Given that we've shown some relationship between HIV prevalence and labor participation, I decided to add HIV prevalence to the previous chart:
Here I've plotted GDP (per capita) as a function of labor participation (percent of total population), but the size of the marks now encodes HIV prevalence for each country. Although it seems that labor force participation has something to do with GDP in certain areas of the world, it is clear that countries with high rates of HIV prevalence do NOT have high GDPs.
[edit] How does HIV prevalence correlate with per capita GDP
Given the previous chart, I decided to look directly at HIV prevalence and per capita GDP:
Note that the countries with high rates of HIV have some of the lowest GDP. Although there appear to be many countries with low rates of HIV that still have low GDPs, no country with a HIGH rate of HIV has a high GDP.

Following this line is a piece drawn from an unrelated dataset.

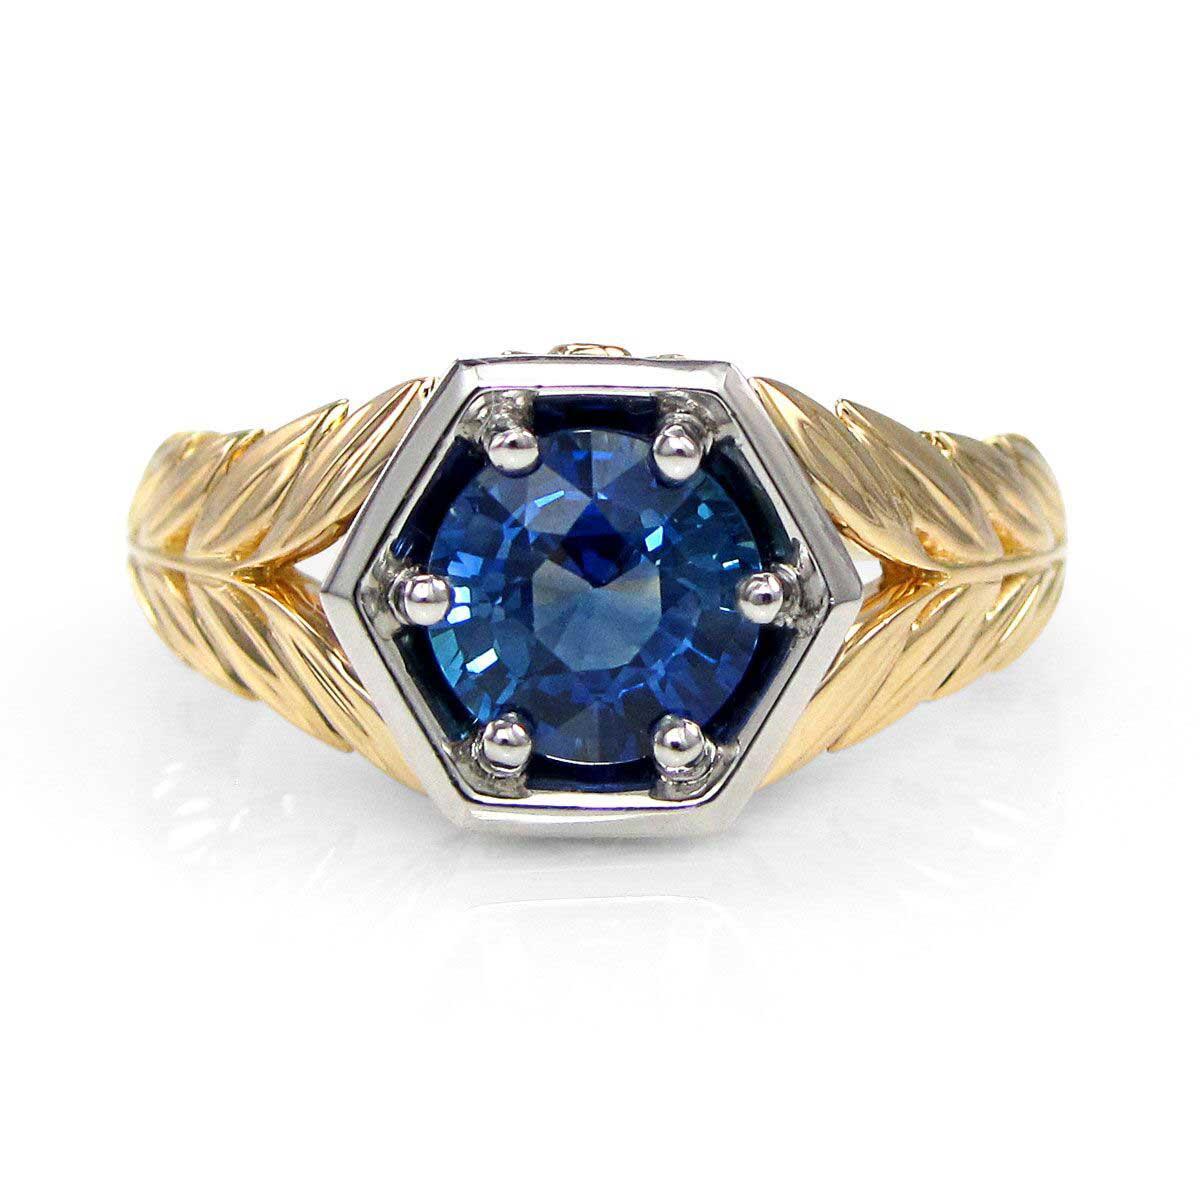 Vintage Sapphire Engagement Ring

[edit] Is the effect due to decreased life expectancy?
Although there does appear to be some relationship between HIV prevalence and GDP, I started to think that it may just boil down to life expectancy in general. It isn't hard to imagine countries with high HIV prevalence to also have low life expectancy, so I first addressed this relationship with the following graphic:
Here I've plotted Life Expectancy as a function of HIV prevalence. In this visualization, the size of the mark encodes the country's GDP (per capita). Not surprisingly, HIV prevalence does inversely correlate with life expectancy. And it is appears that life expectancy is also an indicator for per capita GDP. I decided to look into this further with the following question.

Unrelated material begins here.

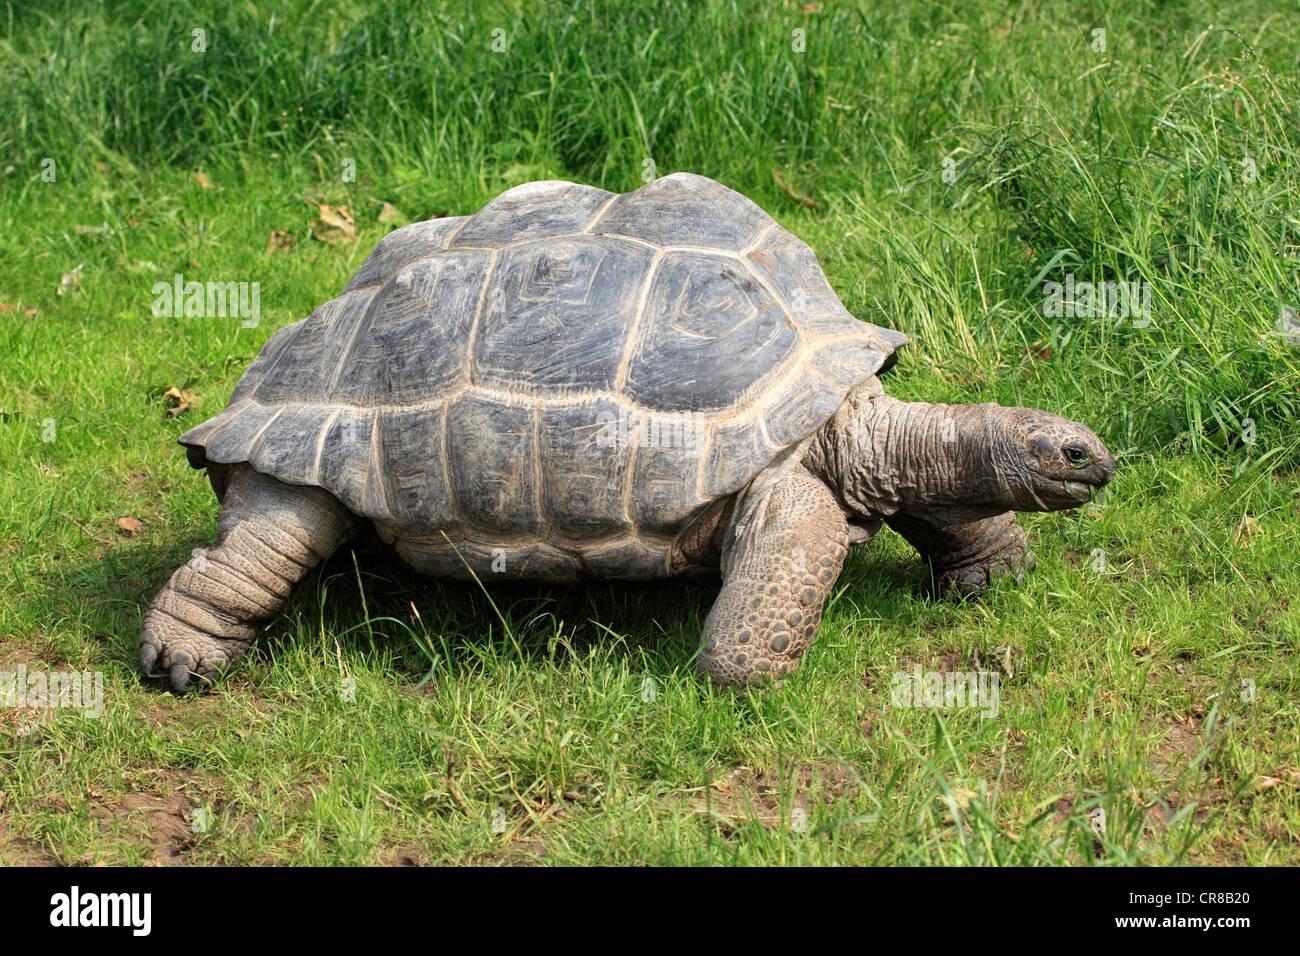 Aldabra giant tortoise (Testudo gigantea, Geochelone gigantea), foraging - Stock Image

[edit] Does life expectancy affect GDP?
Now that we know that life expectancy and HIV prevalence appear related, how does life expectancy predict GDP? In the following graph I've plotted GDP as a function of life expectancy, with the size of the marks corresponding to HIV prevalence.
I believe this is the most compelling visualization of my project. The link between life expectancy and GDP is clear, and it is evident that no country with a high prevalence of HIV has a GDP (per capita) above $5000.
[edit] Conclusion
It is difficult to infer direct causality from the visualizations I have described in this project, but it is clear that the prevalence of HIV is related to various economic indicators for the countries examined in these data. Although there are many factors influencing a country's GDP, it is clear that HIV prevalence, and particularly its affect on life expectancy, plays a role.
More importantly, this project demonstrates the utility of interactive visualization for exploring a large and complex data set. It is through these types of data manipulations, in real-time, that one may begin to gain a greater understanding of the relationships between different variables, start to identify patterns, and eventually learn how the various measurements affect each other.